Debugging the Doctor Brain: Who's teaching doctors how to think?

[SNT Gatchaman]

https://bessstillman.substack.com/p/debugging-the-doctor-brain

But how does a doctor know if their models are accurate or adequate?

Answering that question really means asking if the education student doctors receive is both adequately teaching the fundamentals as well as teaching resident physicians how to think about and evaluate their own thought processes. And Dan Luu’s “Why don’t schools teach debugging” got me thinking about the way science and medical education universally teaches the fundamentals: badly.

In medicine, we often mistake the speed of initial understanding with a students’ capacity for mastery. This expectation starts in pre-med courses.
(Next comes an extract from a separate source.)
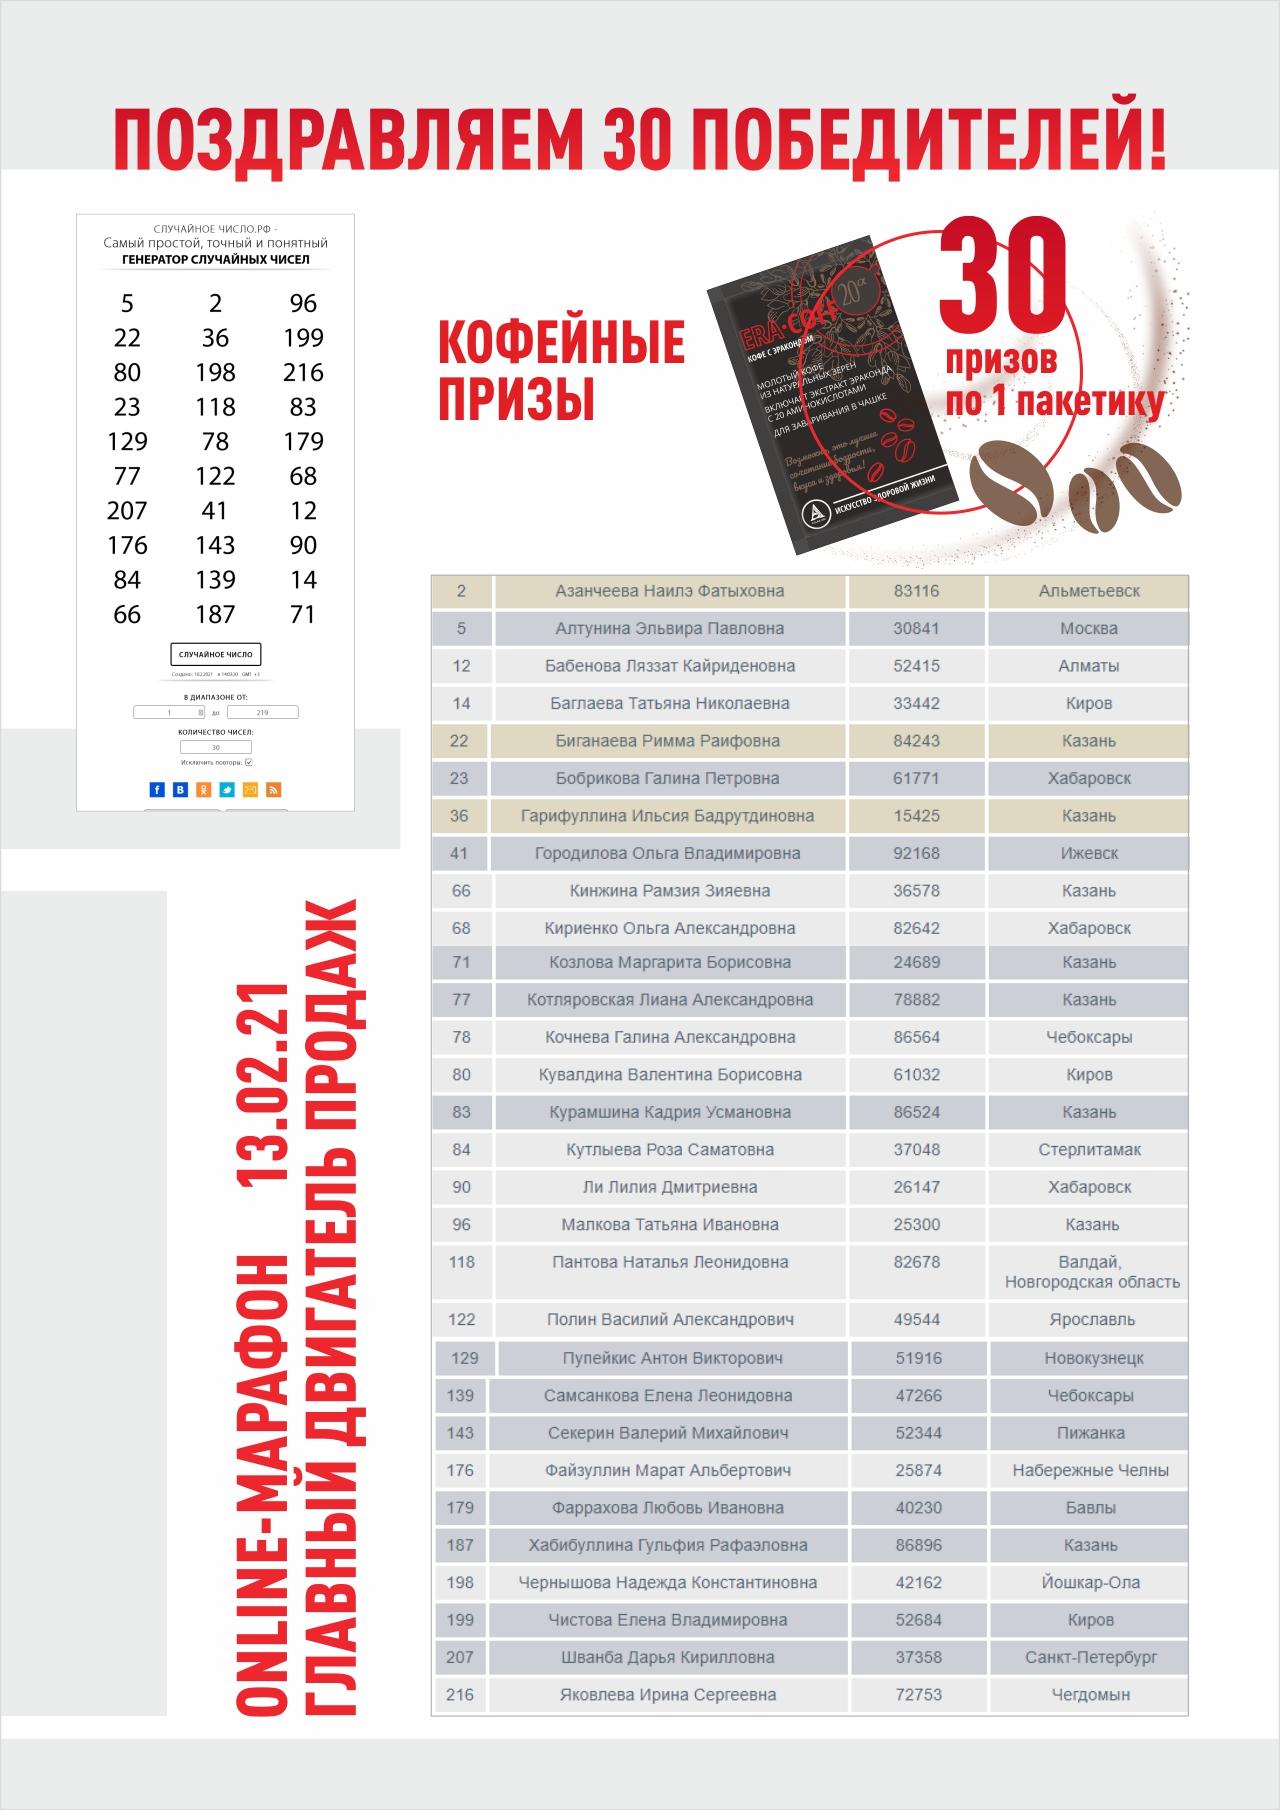 ONLINE-МАРАФОН ГЛАВНЫЙ ДВИГАТЕЛЬ ПРОДАЖ 30 ПОБЕДИТЕЛЕЙ
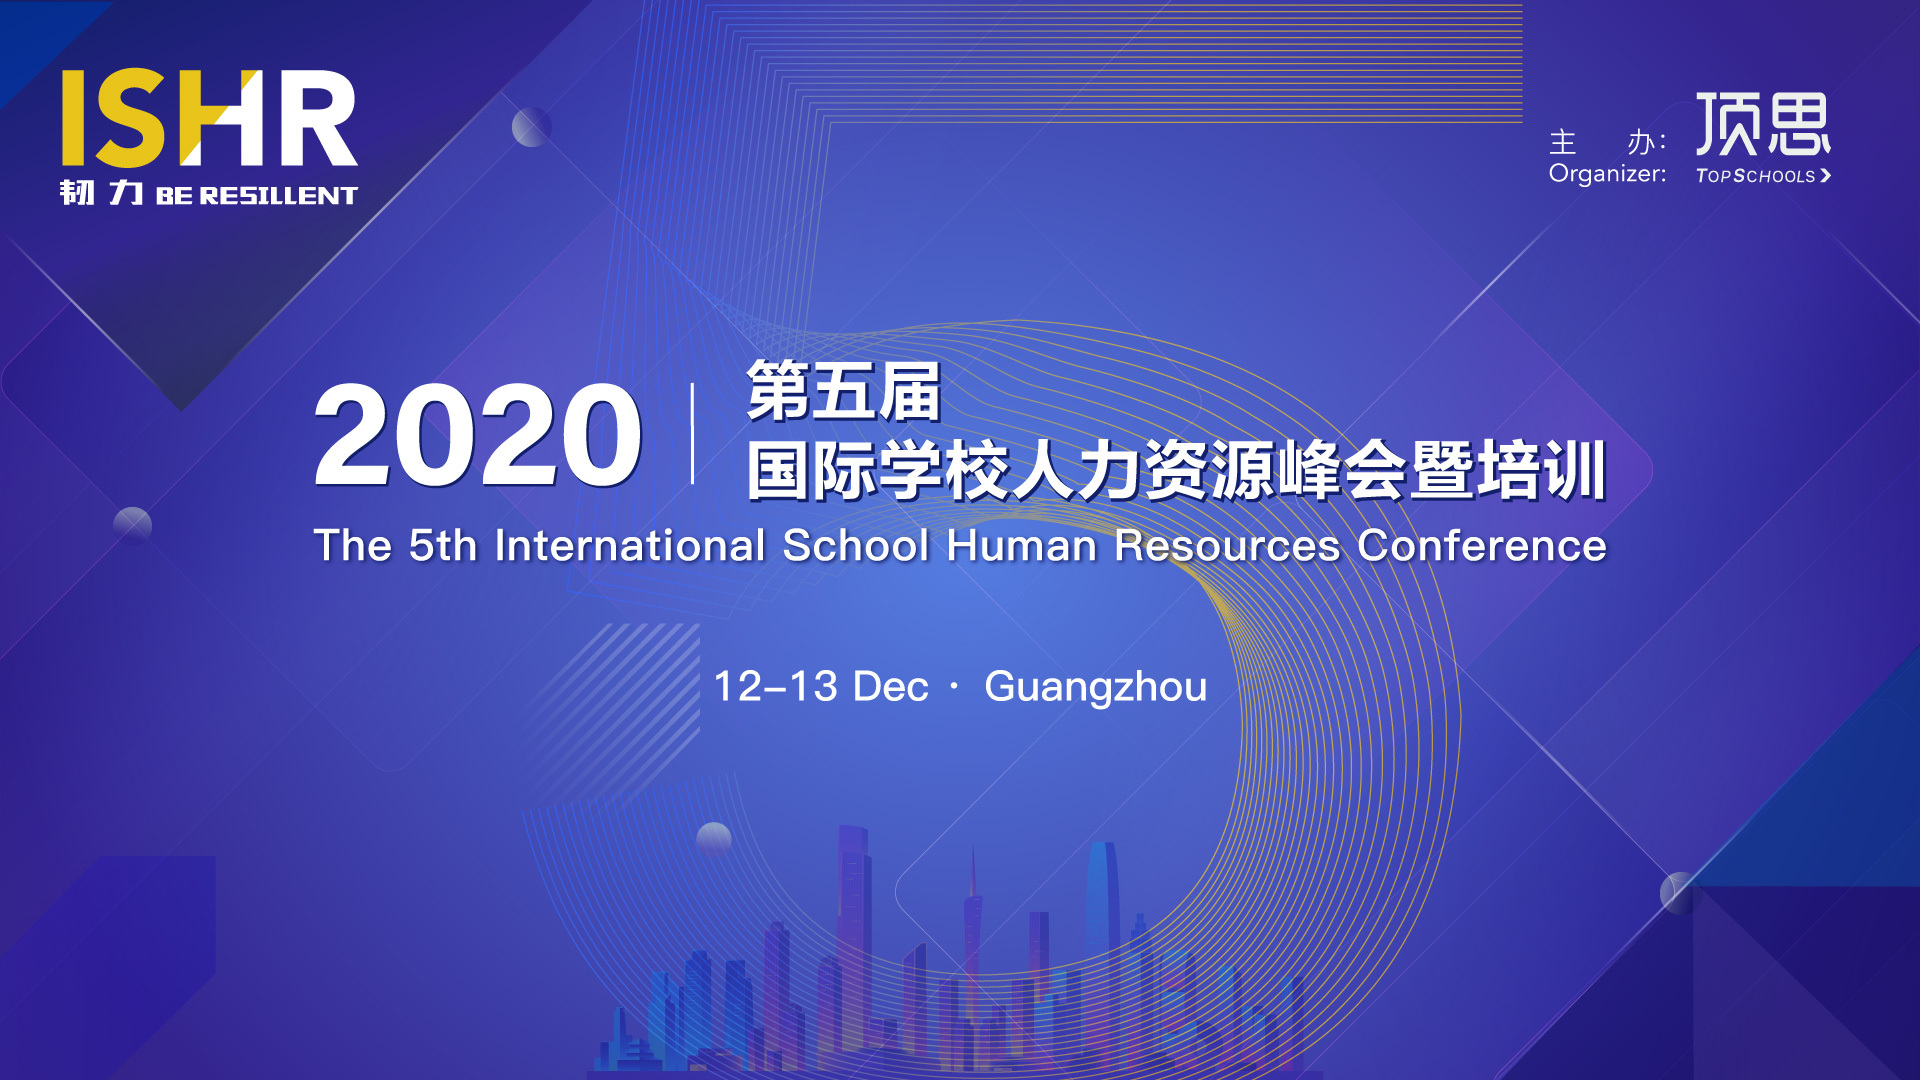 ISHR 2020 第五届国际学校人力资源管理峰会暨培训

Organic chemistry (“O-chem”) is the big pre-med “weed out” course because it both requires high-volume memorization and is one of the first times students have to learn a new way of thinking.

A doctor’s foundational clinical mental models are built during residency, but the apprenticeship model of residency has flaws. An attending physician (an attending is a physician who has completed residency ) may be a skilled clinician but a poor educator, or not have the time, patience, or inclination to educate residents.

 

[SNT Gatchaman]

There are a lot of misaligned incentives in resident education: attendings are judged by metrics of speed and patient satisfaction, residents want to learn and be seen as “good” so they can graduate and be recommended for a job, and hospitals want more patients to be seen, faster.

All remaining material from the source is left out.